Dos de las redes sociales más conocidas hoy en día son Facebook e Instagram, plataformas que reúnen millones de usuarios. La primera tiene más de 2.400 millones, mientras la segunda agrupa más de 1.200 millones. Ciertamente hay muchas otras redes sociales, que pueden entrar en diversas categorías por sus propósitos particulares (como YouTube, para videos principalmente, o WhatsApp, para mensajería, llamadas y videollamadas, o LinkedIn, con un tinte más profesional). Estas abarcan una inmensa cantidad de usuarios adicionalmente. En todo caso, según WeAreSocial.com, hay más de 3.8 millones de personas en todo el mundo que se encuentran conectadas a algún red social, es decir, casi la mitad de la población mundial.

Ahora, ¿por qué nombro estas cifras? ¿Con qué motivación lo hago? Porque su uso tan extendido, que nos incluye a los cristianos, nos debe mover a examinarnos a la luz de la Escritura en lo que a nuestra participación en ellas respecta.

Propósito del artículo

A continuación abarcaré algunas de las ventajas y beneficios del uso sabio de estas plataformas, así como ciertas desventajas y perjuicios que estas pueden traer cuando un cristiano no las maneja de manera honrosa. Por un lado, reconozco los diversos aspectos positivos de su existencia, pero, a la vez, resalto de manera principal que existen una gran variedad de peligros potenciales.

Con el presente artículo, sin embargo, no pretendo hacer un estudio exhaustivo de las redes sociales, tan sólo resaltar algunas de las problemáticas más comunes en su uso. Asimismo, deseo llamar la atención de todo creyente que lea este breve artículo en lo que respecta al uso de su tiempo.

Sobra decir que este tema no fue tratado por aquellos grandes predicadores de antaño ni por ninguno de los autores inspirados de las Escrituras. Sin embargo es allí mismo, en las Escrituras, donde hallamos no sólo la preciosa Ley Moral, sino una nube de principios que son normativos para nuestras vidas. Y eso es lo maravilloso de la Palabra del Señor: sin tratar cada uno de los temas existentes explícitamente, sus principios, ejemplos y normas pueden ser aplicados a cada esfera de la vida y en cada tiempo de la historia. Que la cosmovisión bíblica rija siempre nuestra vida en cada área que la compone.

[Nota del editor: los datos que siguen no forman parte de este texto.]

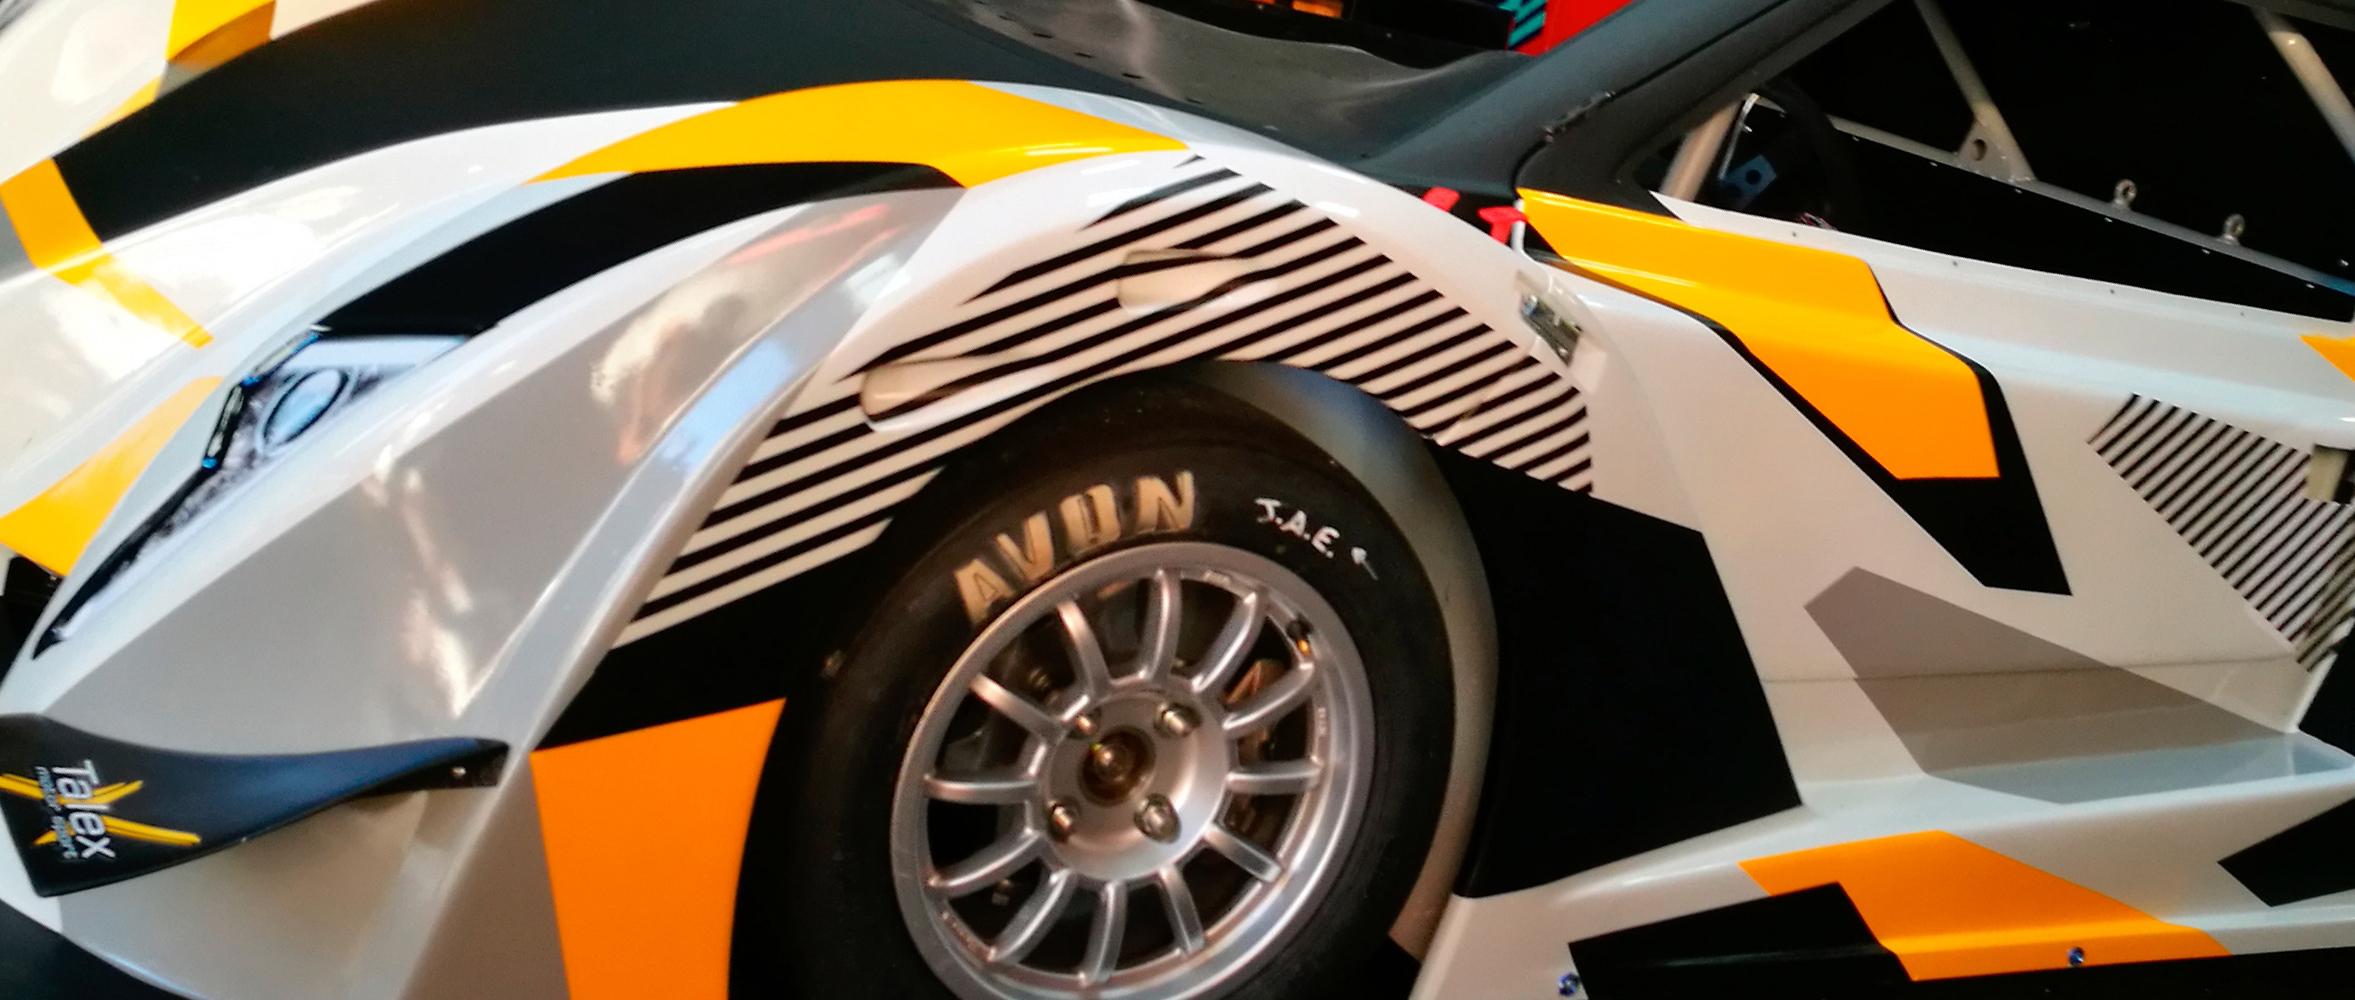 rotulacion coche de carreras subidas cm

ALGUNOS BENEFICIOS DEL USO DE LAS REDES SOCIALES

1.  Pueden servir como un medio secundario para testificar

Las redes sociales nunca reemplazarán la predicación pública de la Palabra en las iglesias locales ni la evangelización personal. Sin embargo, un cristiano o una iglesia local pueden llegar a utilizar las redes sociales como instrumentos secundarios por medio de los cuales testificar de su fe a cientos o incluso miles de personas. Ellas pueden servir al creyente serio como una herramienta para “[anunciar] las virtudes de Aquel que [nos] llamó de las tinieblas a Su luz admirable” (1 Pedro 2:9). Esto siempre y cuando no se descuiden los deberes de servicio personal que el cristiano tiene en su localidad particular.

Ciertamente, si las redes sociales tienen un uso legítimo por encima de cualquier otro, es este: que el Evangelio pueda ser proclamado a través de ellas a muchas personas y que, en general, se pueda promocionar la verdad de Dios revelada en Su Palabra. Testificar la verdad es nuestro llamado principal, y no podemos excluir las redes de él si haremos uso de ellas.

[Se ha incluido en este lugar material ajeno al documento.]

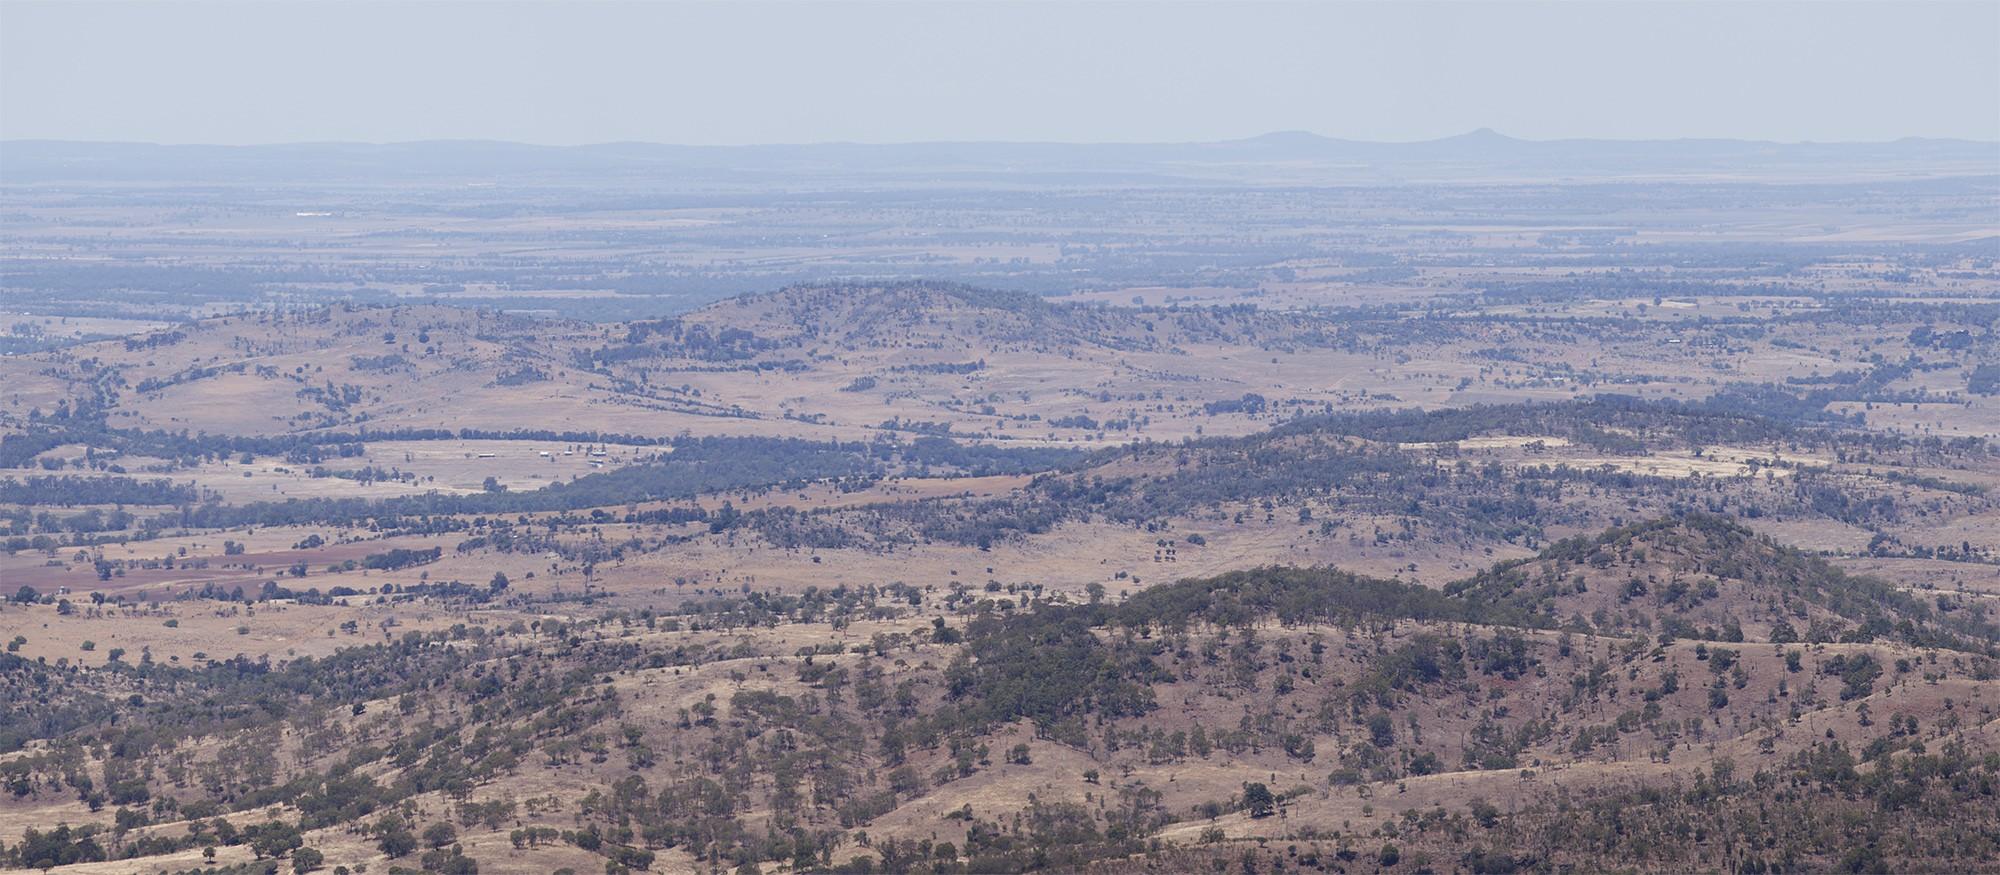 Distant Toowoomba

2. Para tener comunión con familiares, amigos o hermanos que viven en lugares distantes

Las redes sociales son como puentes que facilitan la comunicación entre las personas. Sin lugar a dudas, podemos utilizarlas para ‘acercarnos’ a quienes se encuentran en la distancia, y tener cierto tipo de comunión inteligente con otros. En tiempos pasados la comunicación con personas que estaban lejos era bastante difícil, pero en la actualidad muchos cristianos sinceros hacen uso del internet y de las redes sociales con este propósito legítimo que acortó el tiempo de comunicación impresionantemente. De esta manera, se puede tener comunión que de otra forma sería imposible tener a menos que se incurriera en elevados gastos. Por lo tanto, estas plataformas pueden ser usadas legítimamente para hablar con familiares y amigos, tener comunión y alentar a hermanos en la fe, y compartir a la distancia ciertos tiempos de edificación e interacción con nuestros allegados.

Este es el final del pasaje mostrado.